* What you need to do: Copy out exactly the lines below that run from the one holding "Tv Dresser Tobi" to the one holding "Ren-Wil Clearview Square", keeping both of those lines and no others.

Top of The input

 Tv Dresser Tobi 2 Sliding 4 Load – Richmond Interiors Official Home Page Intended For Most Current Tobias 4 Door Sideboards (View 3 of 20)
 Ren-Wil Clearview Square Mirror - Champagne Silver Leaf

Bottom of The input
Top of The input

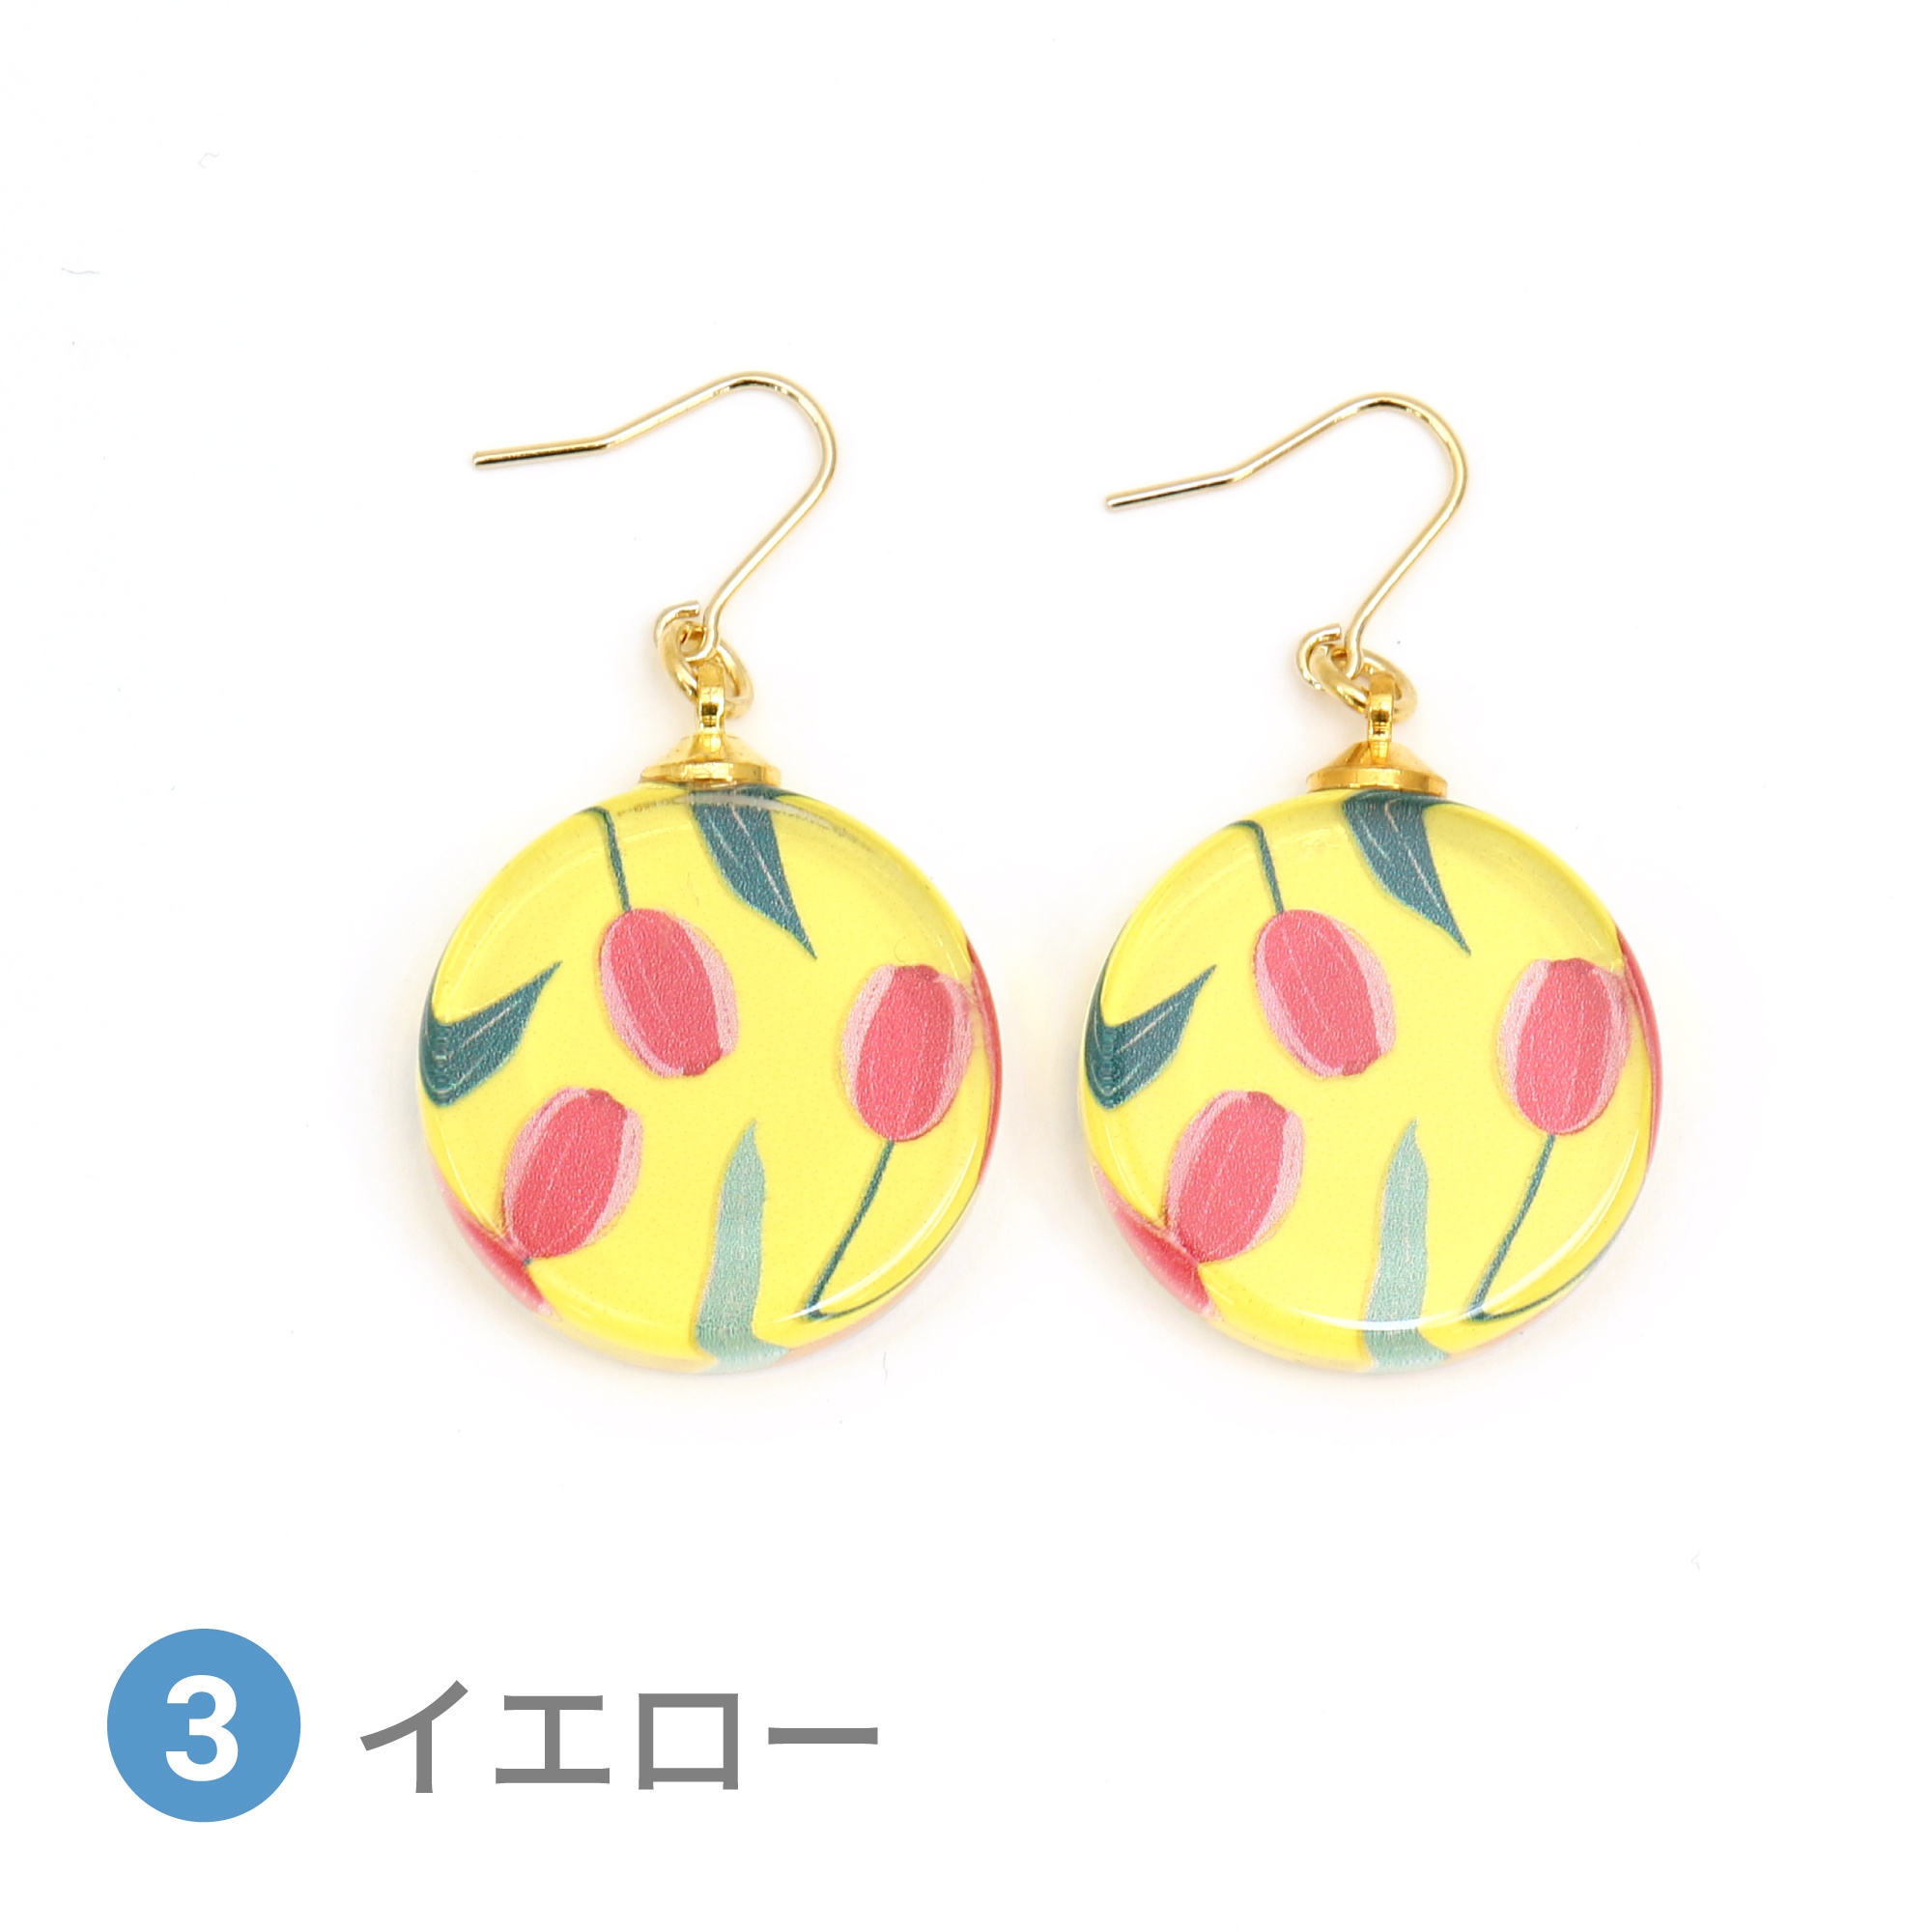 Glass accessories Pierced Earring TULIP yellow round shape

Bottom of The input

* Response area:
 Tv Dresser Tobi 2 Sliding 4 Load – Richmond Interiors Official Home Page Intended For Most Current Tobias 4 Door Sideboards (View 3 of 20)
 Ren-Wil Clearview Square Mirror - Champagne Silver Leaf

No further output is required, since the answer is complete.